Echoing, Moss thought. Someone would have had to travel to an IFT, would have had to find a future Marian and bring her here to terra firma. That didn’t seem likely, but it was the only way she knew.
“What does she say happened?” she asked.
“Fleece is the one who took her,” said Brock. “Elric Fleece picked her up from the Kmart. She knew him.”
The name withered in Moss’s ear. Fleece, a sailor on Libra, the suicide in the mirrored room. Marian had known him, a friend of her father’s.
“Has anyone told Marian about her family?”
“She knows,” said Brock. “She’s been watching TV.”
Preston Memorial’s shift supervisor, Dr. Schroeder, was heavily made up, her hair a silver sweep. An elegant woman who spoke with a southern softness, her
heels clacking like a quick-tempo metronome.
“Cold and wet. She says she swam through a river. Extreme hypothermia when we brought her in. I’ll be honest, I wasn’t very hopeful, but she’s doing well now, all things considered.

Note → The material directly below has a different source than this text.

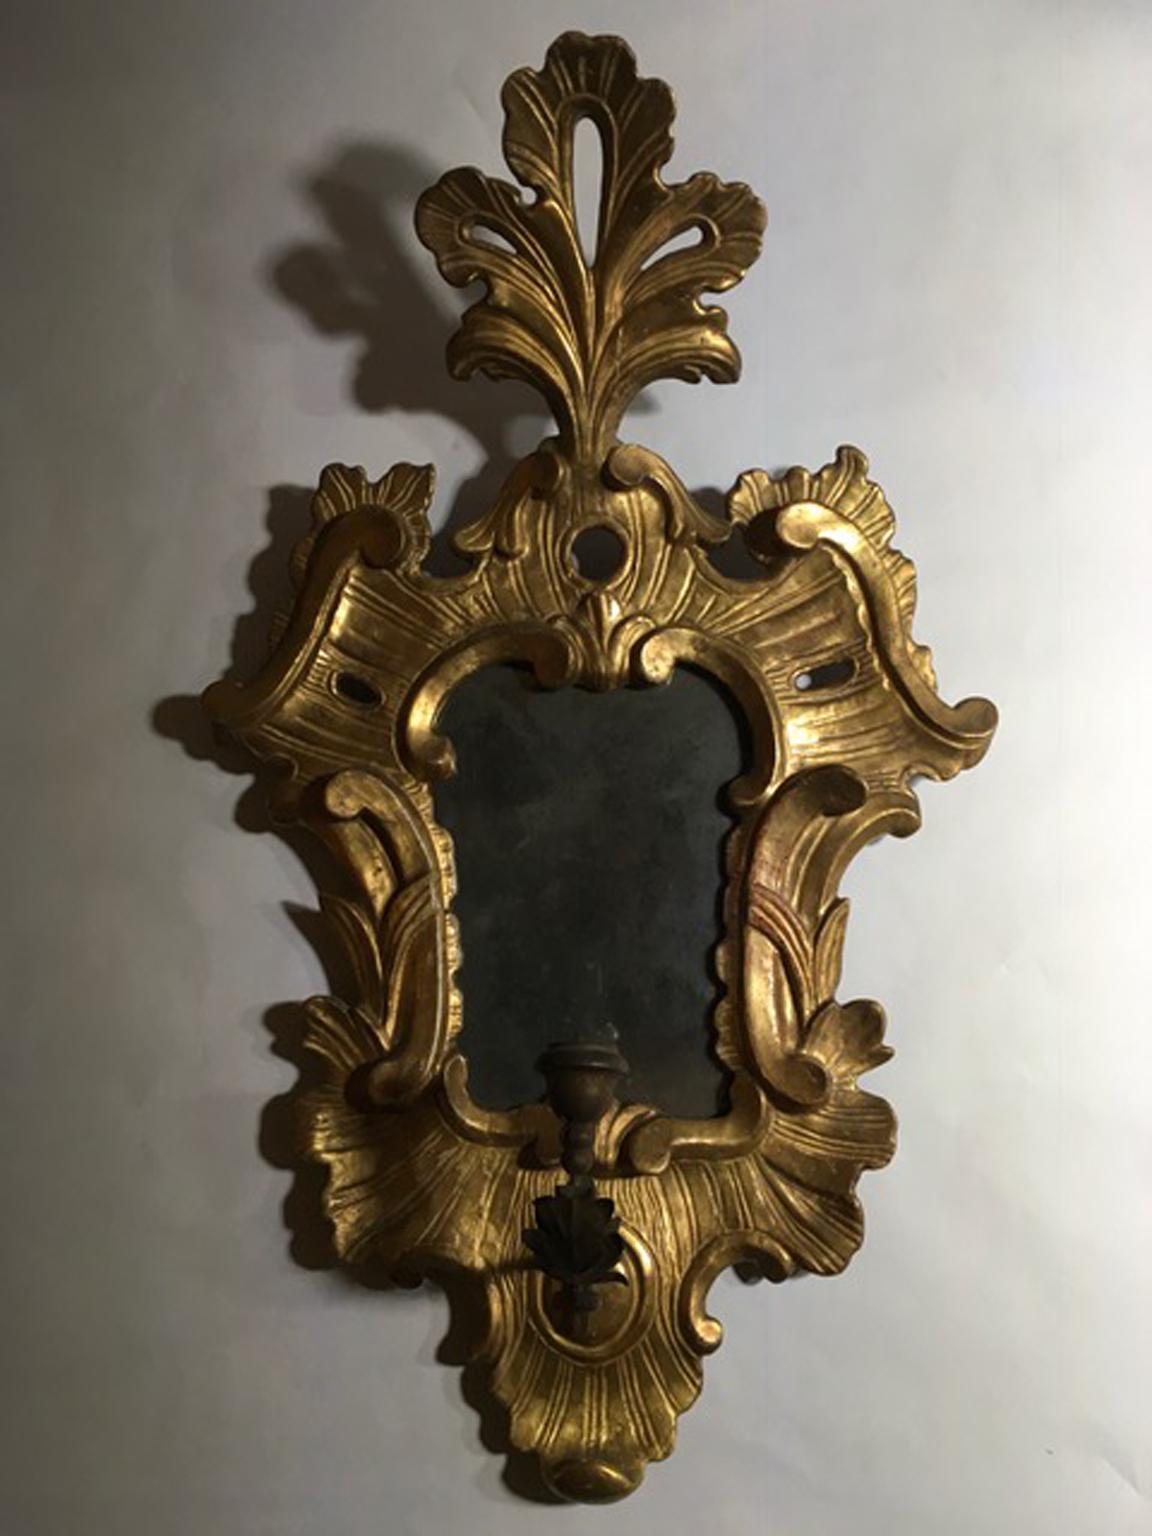 Italy late 18th century pair of sconces with original mercury mirrors in golden wooden frames in Louis XV Style

It is not easy to find these pair of sconces with their own intact original mercury mirrors.
The handmade pinewood frames have some less

Her feet worry me. The flesh was severely damaged. The poor thing didn’t have any shoes, and it’s been cold these past few nights. She hasn’t been able to walk much without pain, though she can make it to the bathroom and back.”
Moss’s breath caught. “Will she keep her feet?”
“We’re not out of the woods,” said Dr. Schroeder. “No gangrene, though. She’s responding very well. Whatever happened to her out there—she hasn’t gone into much detail, which is common with people who’ve been through trauma. She’s very confused, I think. Hypothermia can affect memory, so you’ll have to be patient with her.”
Brock had posted sentries outside Marian’s room, someone from the hospital security staff and an FBI agent whose face Moss recognized from the other night in Buckhannon. They nodded a greeting to each other.
“She should be awake,” said Dr. Schroeder. “Her core temperature was low, so she’s been sluggish.”
“I’d like to speak with her alone,” said Moss. “Can I find you once we’ve had a chance to talk a little?”
“Yes, of course,” said Dr. Schroeder. “I’ll check back with your colleague, or I’ll be in my office. Let me know if you need anything. And, of course, there’s a call button on her bed if you need something from the nurse on duty.”